10 years? 25 years? 50 years? No one quite knew how bad things were going to be for Binance co-founder and CEO Changpeng Zhao after he and his company pleaded guilty to a multitude of charges laid at their door by the U.S. Department of Justice, handing over $4.5 billion in the process. It is for this reason that Zhao was on our ‘losers’ list, as we, like he, feared the worst.

In the end, somehow, Zhao was sentenced to only four months in a minimum-security prison, much to the chagrin of his detractors. To compound this, Zhao was released a few days early, at the end of September, having since been removed from his position as CEO. Zhao is never allowed to hold a position of power at Binance, but he is still a major shareholder as the exchange maintains its spot as the crypto space’s most popular exchange.

Losers

Gary Gensler

The SEC chair was on our losers’ list last year following his agency’s defeats against Grayscale and Ripple, the Prometheum debacle, and his generally atrocious performance in House committee meetings that left him facing petitions from Congressmen to not just sack him but also remove his entire position.

The SEC has sent out more Wells Notices than Christmas cards this year, maintaining its stance of crippling those it refuses to negotiate with ahead of time, and with Donald Trump’s ascension to the White House guaranteed following November’s election, Gensler’s days are almost certainly numbered.

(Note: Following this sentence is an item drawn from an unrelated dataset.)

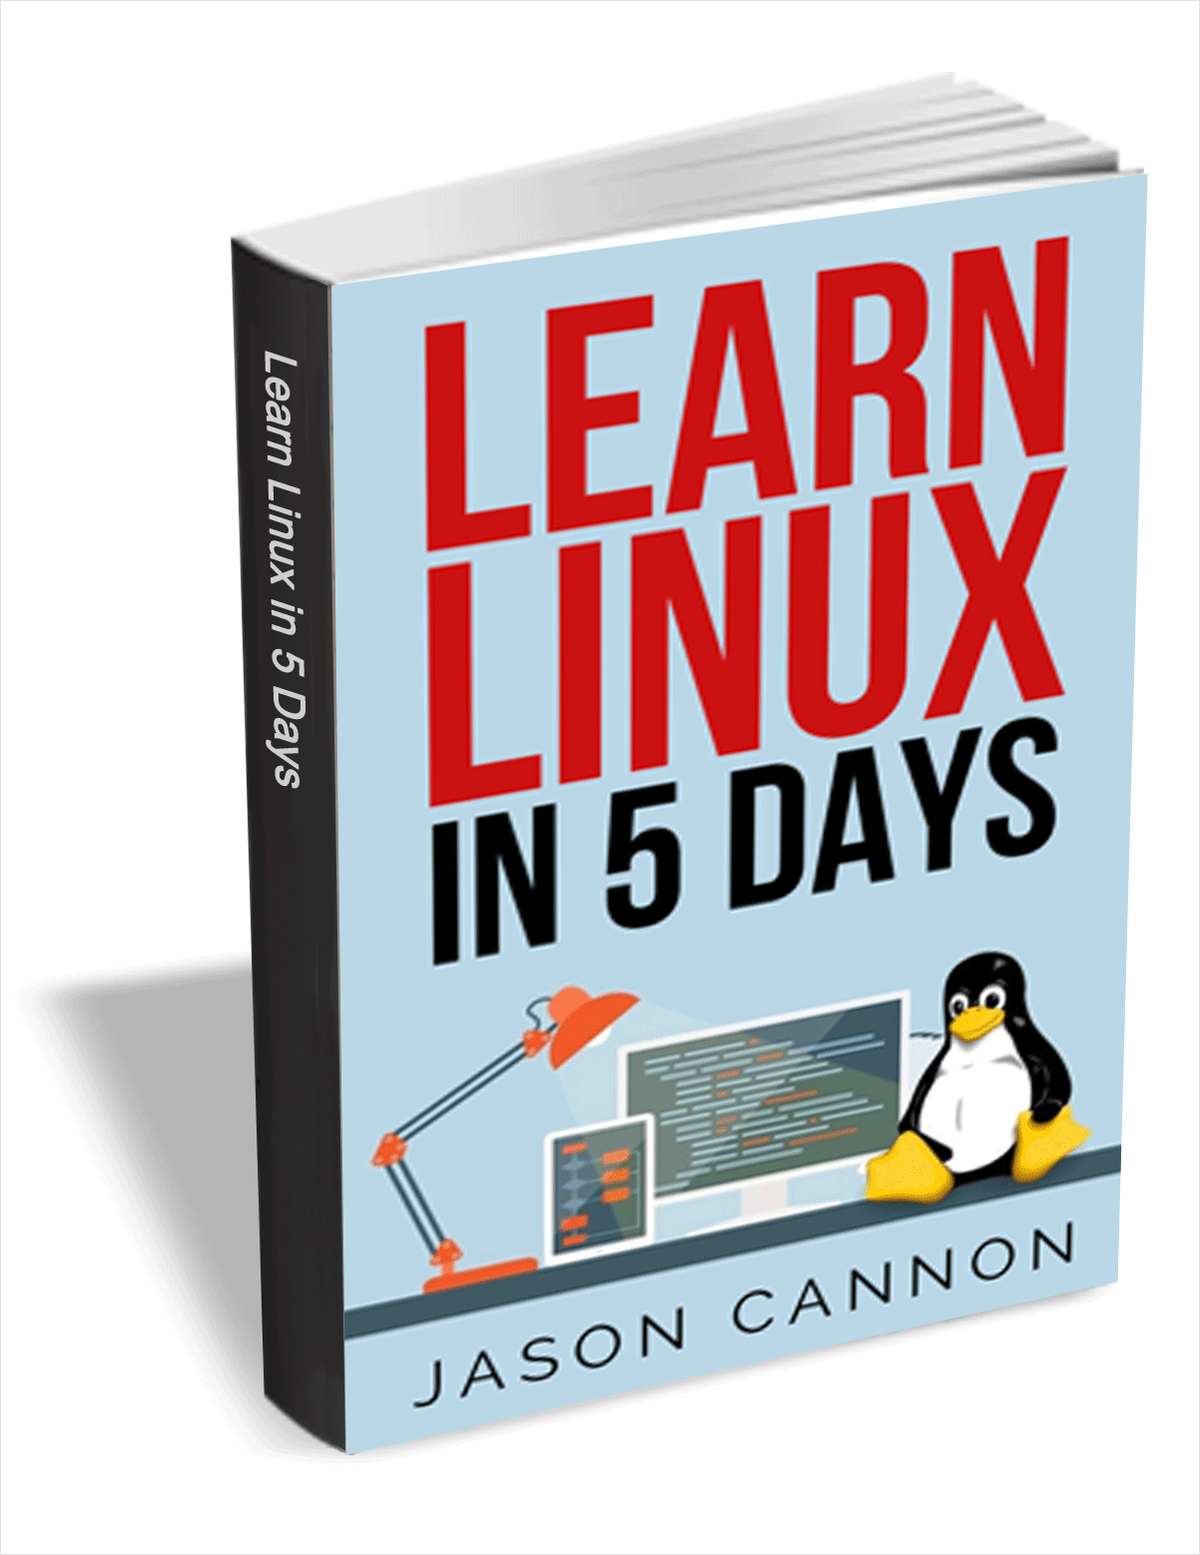 Learn Linux in 5 Days

Trump has already named Gensler as someone standing in the way of crypto development in the US, and it seems inevitable that he will be a casualty of the new administration.

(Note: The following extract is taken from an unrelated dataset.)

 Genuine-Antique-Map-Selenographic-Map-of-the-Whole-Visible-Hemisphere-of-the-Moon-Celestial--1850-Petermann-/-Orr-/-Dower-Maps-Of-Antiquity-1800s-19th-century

And not a moment too soon.

Tigran Gambaryan

Gambaryan, Binance’s compliance chief, is on this list through no fault of his own. Gambaryan endured a nightmare year at the hands of Nigerian authorities who arrested him and Binance’s Africa chief, Nadeem Anjarwalla, in February on trumped-up tax evasion charges that had nothing to do with the pair.

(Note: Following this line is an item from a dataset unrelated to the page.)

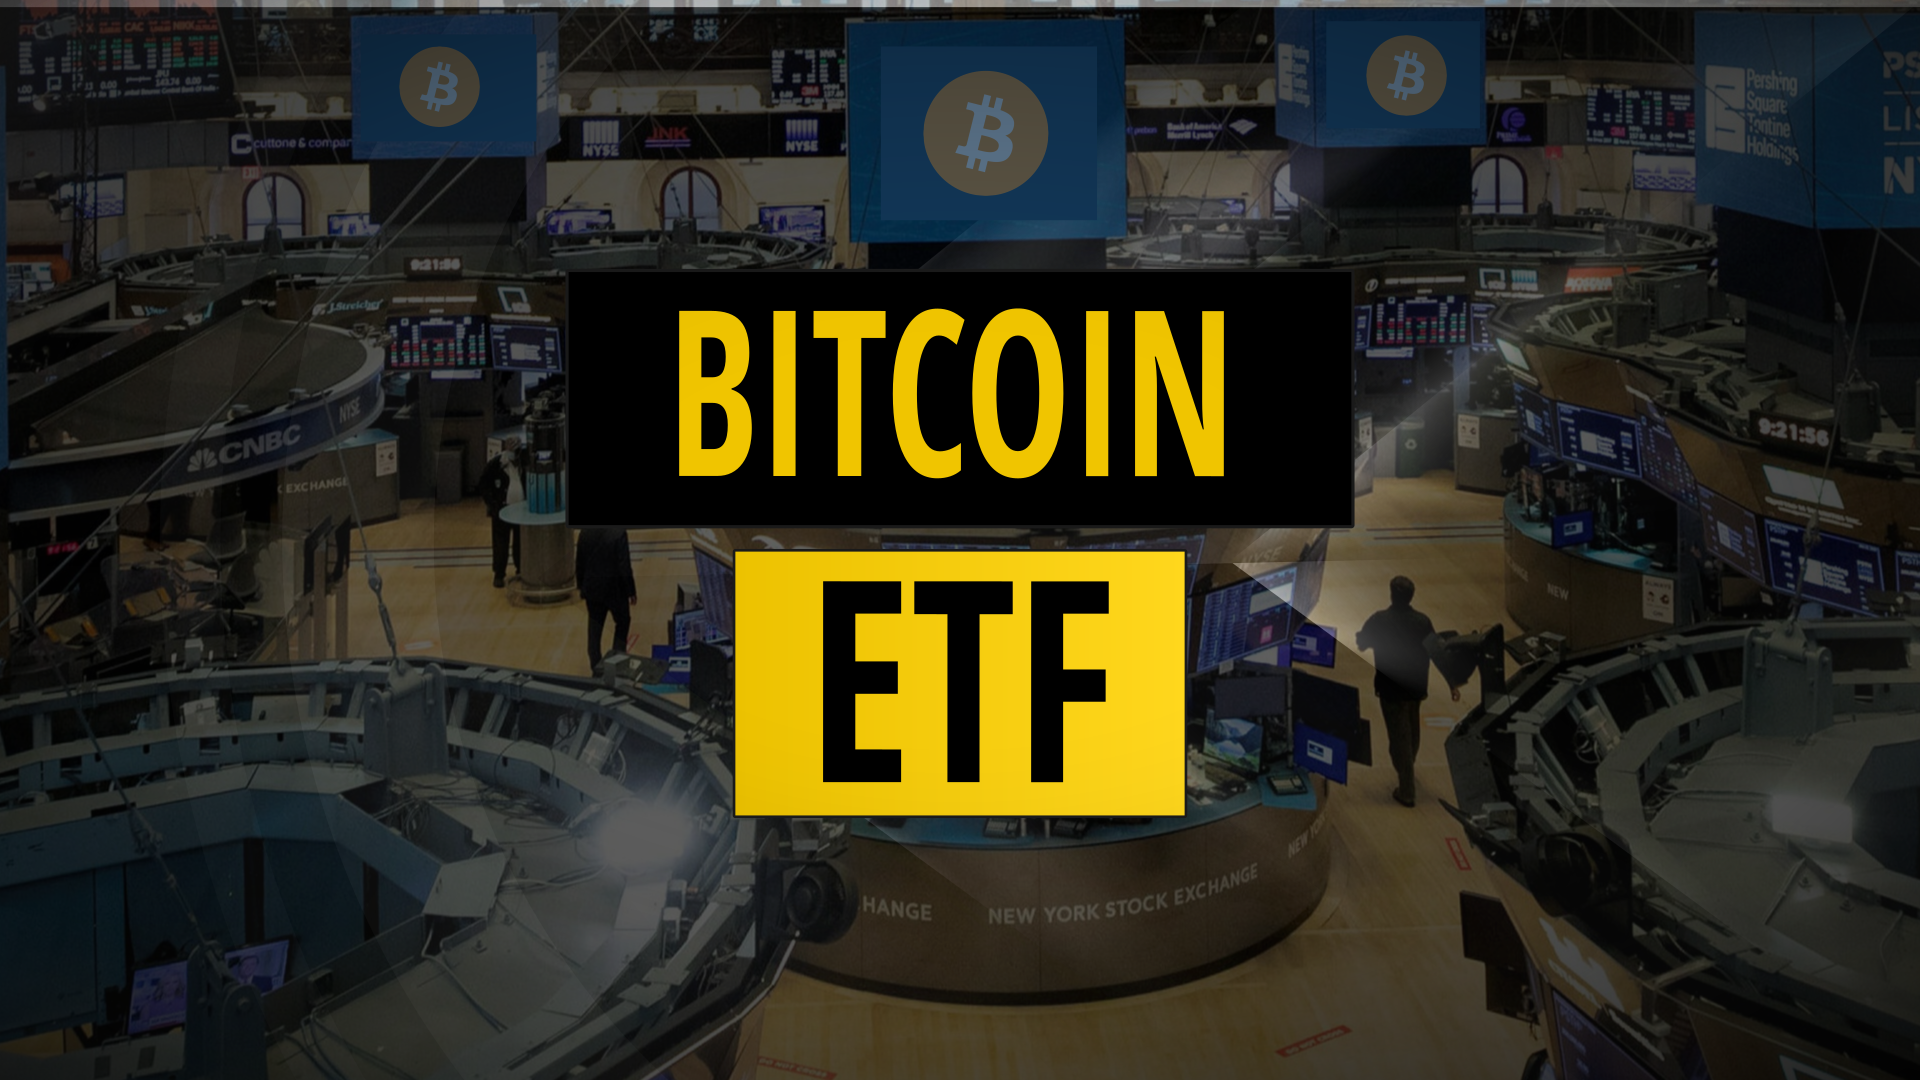 Bitcoin ETF | Why A Bitcoin ETF Changes Everything

Anjarwalla escaped custody, which only made things worse for Gambaryan, who was moved into Kuje prison in Abuja, where his health deteriorated significantly, suffering from conditions such as a herniated disc, malaria, and chest infections. Despite his declining health, the Federal High Court in Abuja denied bail requests, putting him on trial.

Nigerian authorities finally dropped the charges in October, allowing Tigran to end his Nigerian nightmare and return home for treatment.

Craig Wright

Craig Wright makes history as being the third person to occupy a spot in our loser list for three years in a row. If Wright even had a star left, it has waned spectacularly since 2022, with the Australian filing around a dozen lawsuits against all the great and good in the crypto world in an attempt to get a judge to rule that he owns the copyright of the Bitcoin name, blockchain and more.

2024 has proved to be Wright’s nadir: many of his cases were combined, at his own request, into the COPA v Wright trial, which would settle once and for all his attempt to legally claim his right to the name Satoshi Nakamoto and everything Bitcoin. The resultant trial, which cost around £10 million ($12 million), saw Wright become the most prolific forger in British legal history, forging almost 500 pieces of evidence, including during the trial, leading to a cataclysmic defeat.

But Wright wasn’t done. In filing a ludicrous trillion-dollar passing-off case against a fictional group of 122 individuals and entities he argued were pushing down BSV through manipulation, Wright breached the injunction won by COPA within just three months. As a result, he was ordered to attend court in London to argue his case, but he didn’t show up, claiming that he couldn’t afford to take time off work. Wright eventually joined by videolink to hear that he had been sentenced to 12 months in prison, suspended for two years, in order to deter him from filing any more damaging lawsuits, while his trillion-dollar champagne case was also kicked.

The title of biggest loser in crypto in 2024 belongs, undoubtedly, to the man who once proudly boasted of wanting to ‘crush’ Bitcoin developers and leave them bankrupt.